Seeing the great need for the preservation of the people of God in a unique manner, the Lord dispatched a Joseph to Egypt. There was no missions program, so he went as a slave, placed in bondage by his own brothers. It is unique to note that no one can bind you like your own brothers. The only time Samson, prior to his haircut, was successfully bound it was by his own brothers. Dreams oftentimes bring men into collision with their brothers. Joseph was despised for his dreams.

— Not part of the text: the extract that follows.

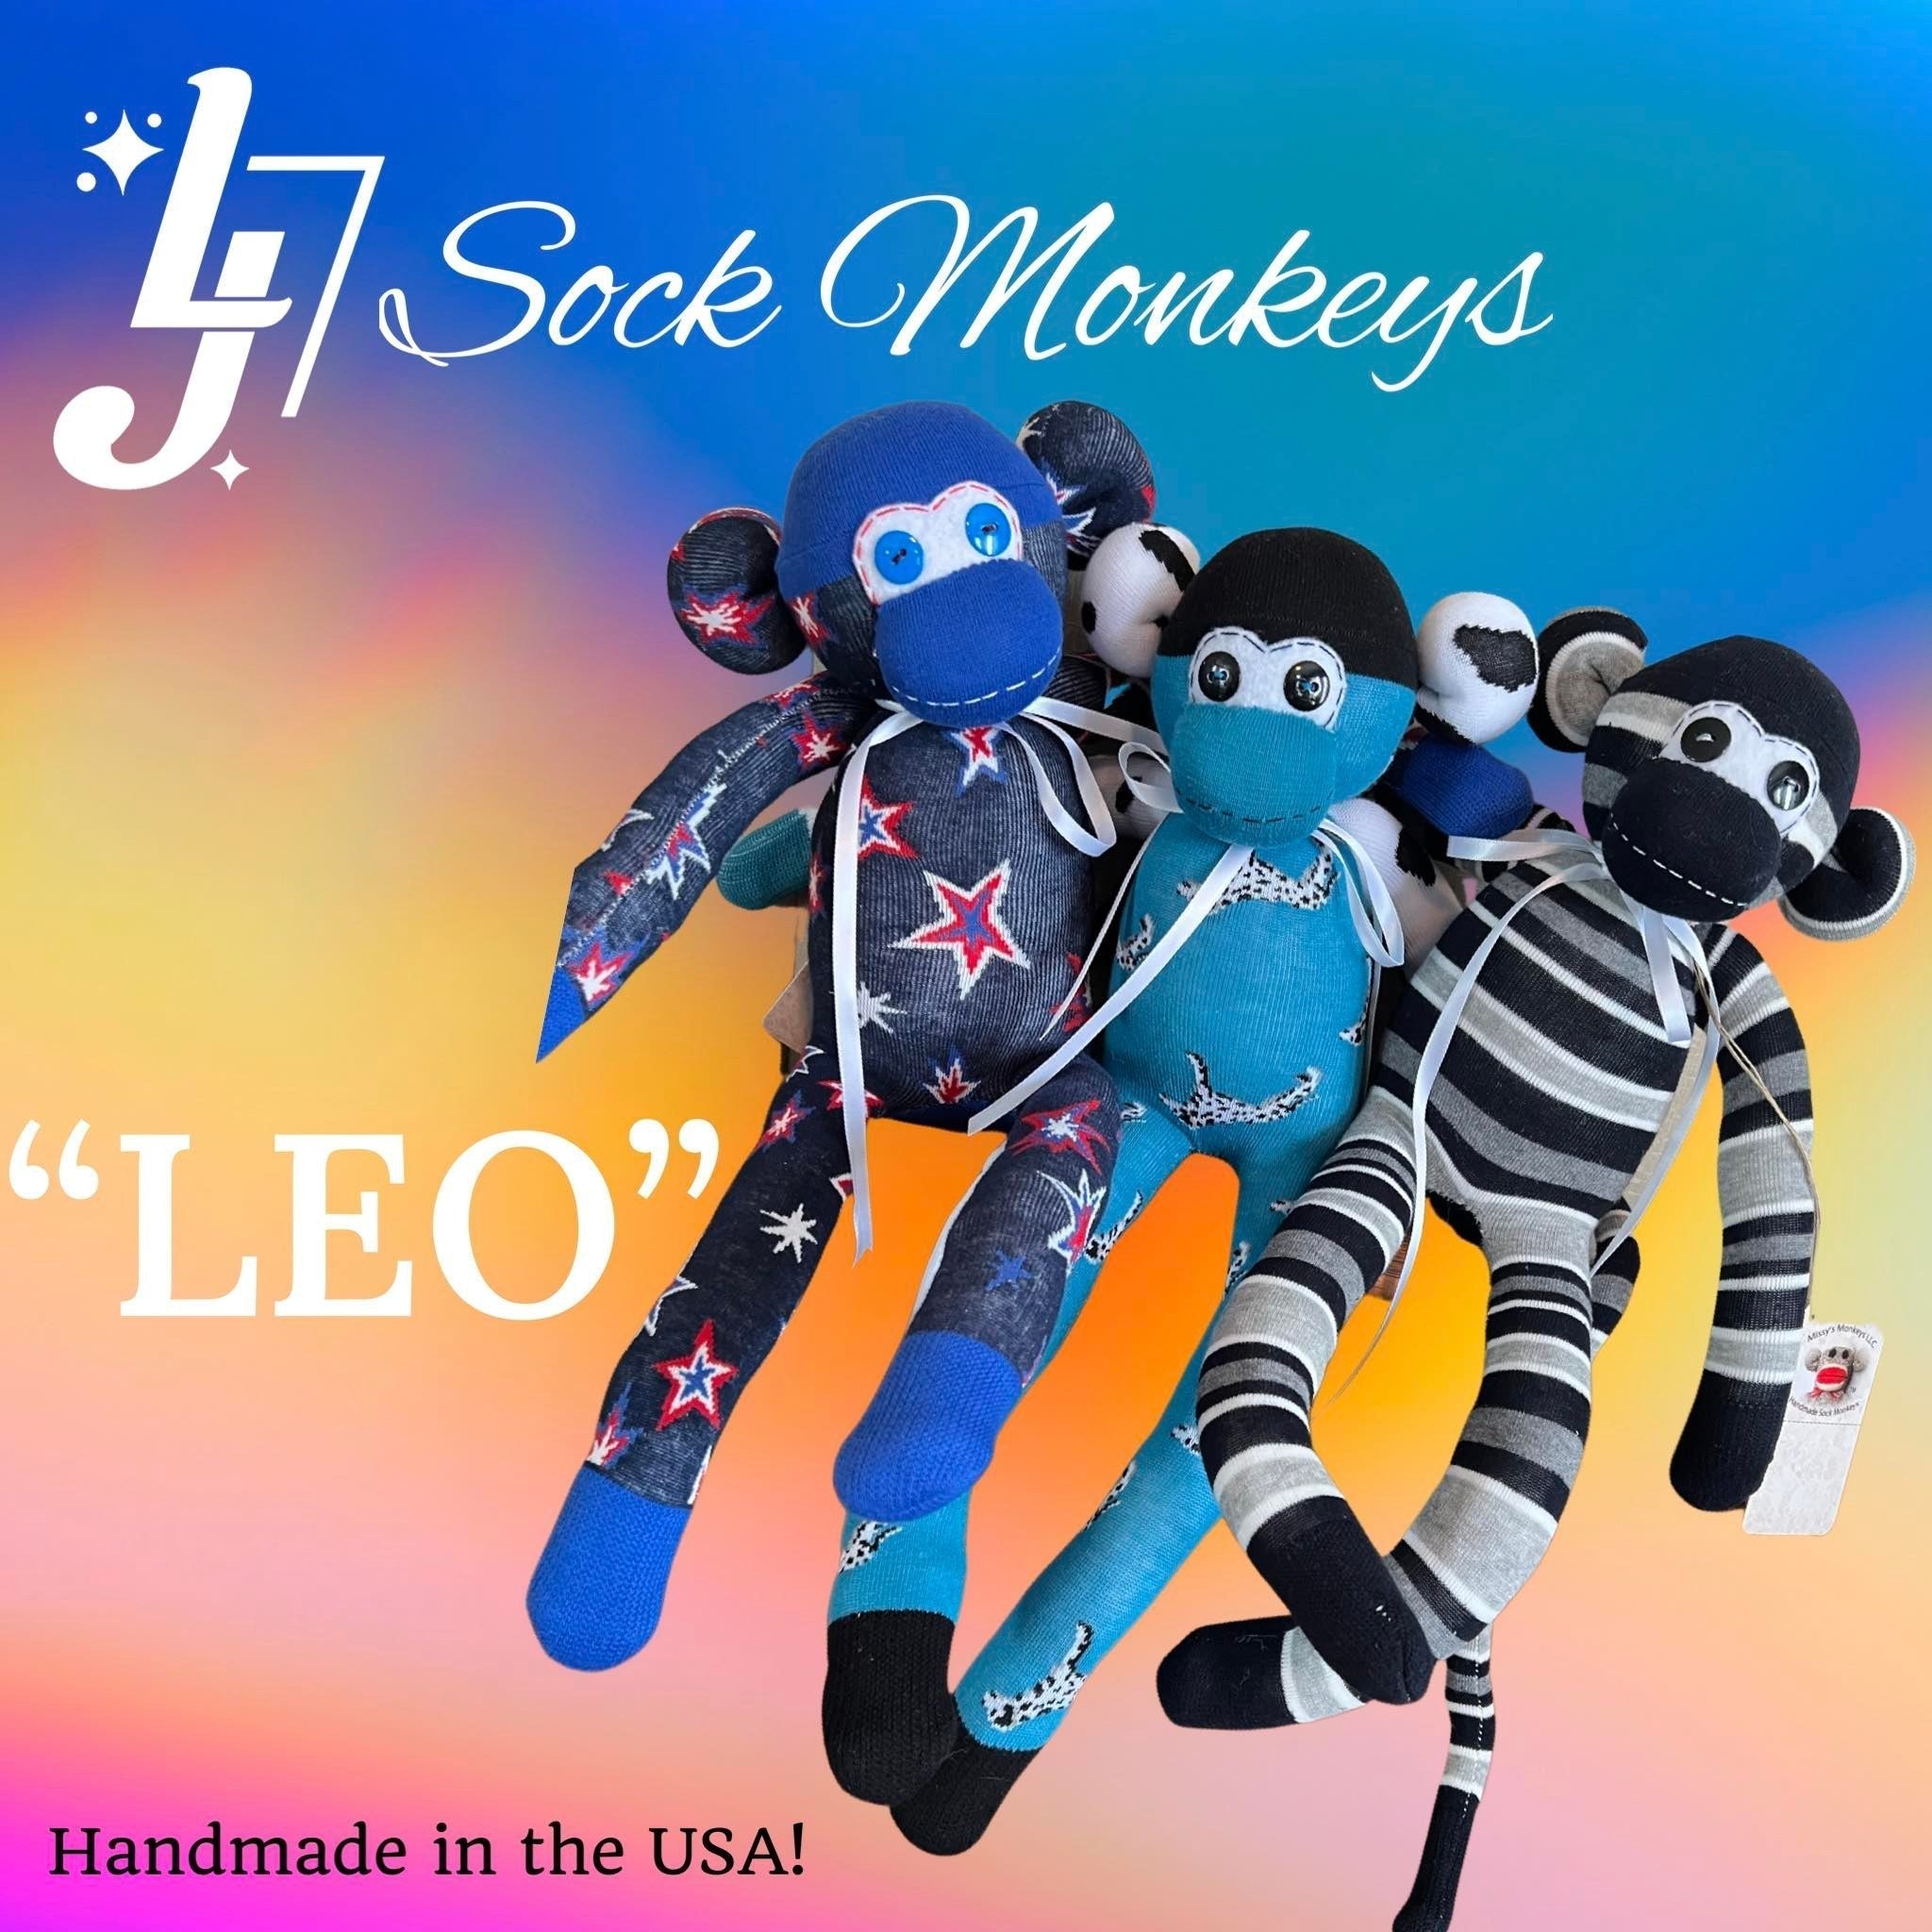 "LEO" Sock Monkey - ABSOLUT. Pride
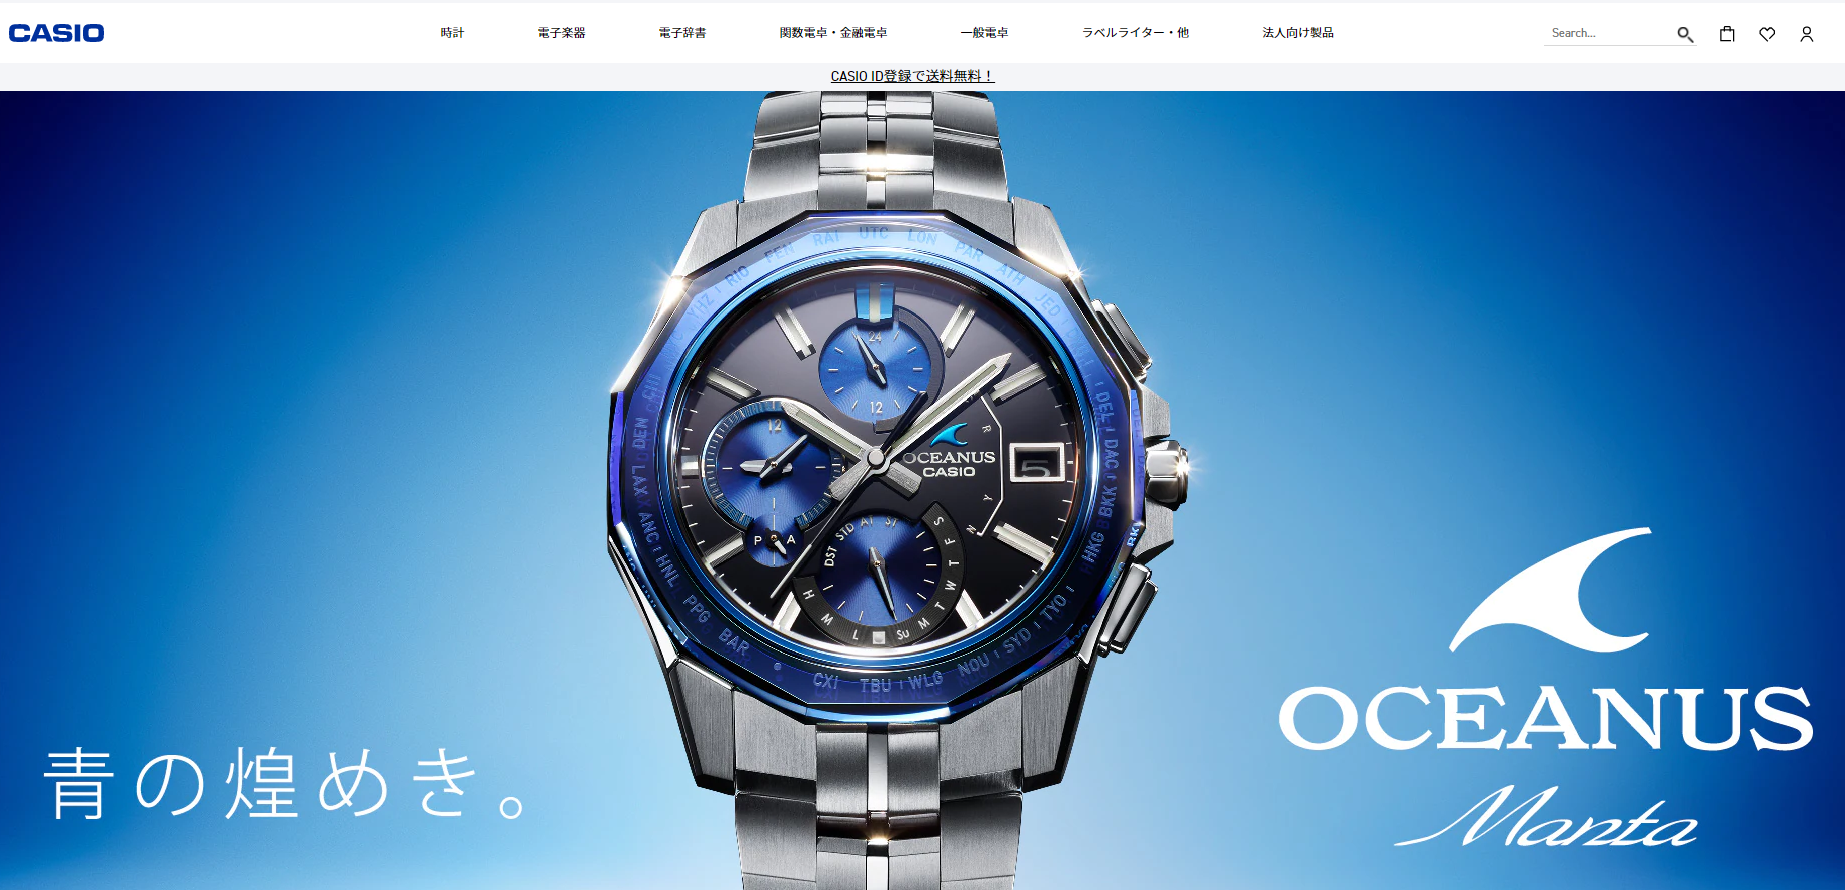 카시오-일본-본사-공식홈페이지-첫화면-푸르고-고급진-손목시계-사진-모습

On your way to being a Joseph for last-day revival, being the provider for and depositor of revelation for Egypt, you may find yourself hi like circumstances. Yours may not be a literal pit, but it can be a pit just as lonely, just as desolate as the one Joseph found himself in. Can you imagine looking up from the bottom, with all of your brothers at the top of the pit looking down on you? Joseph’s circumstances never altered his spirit.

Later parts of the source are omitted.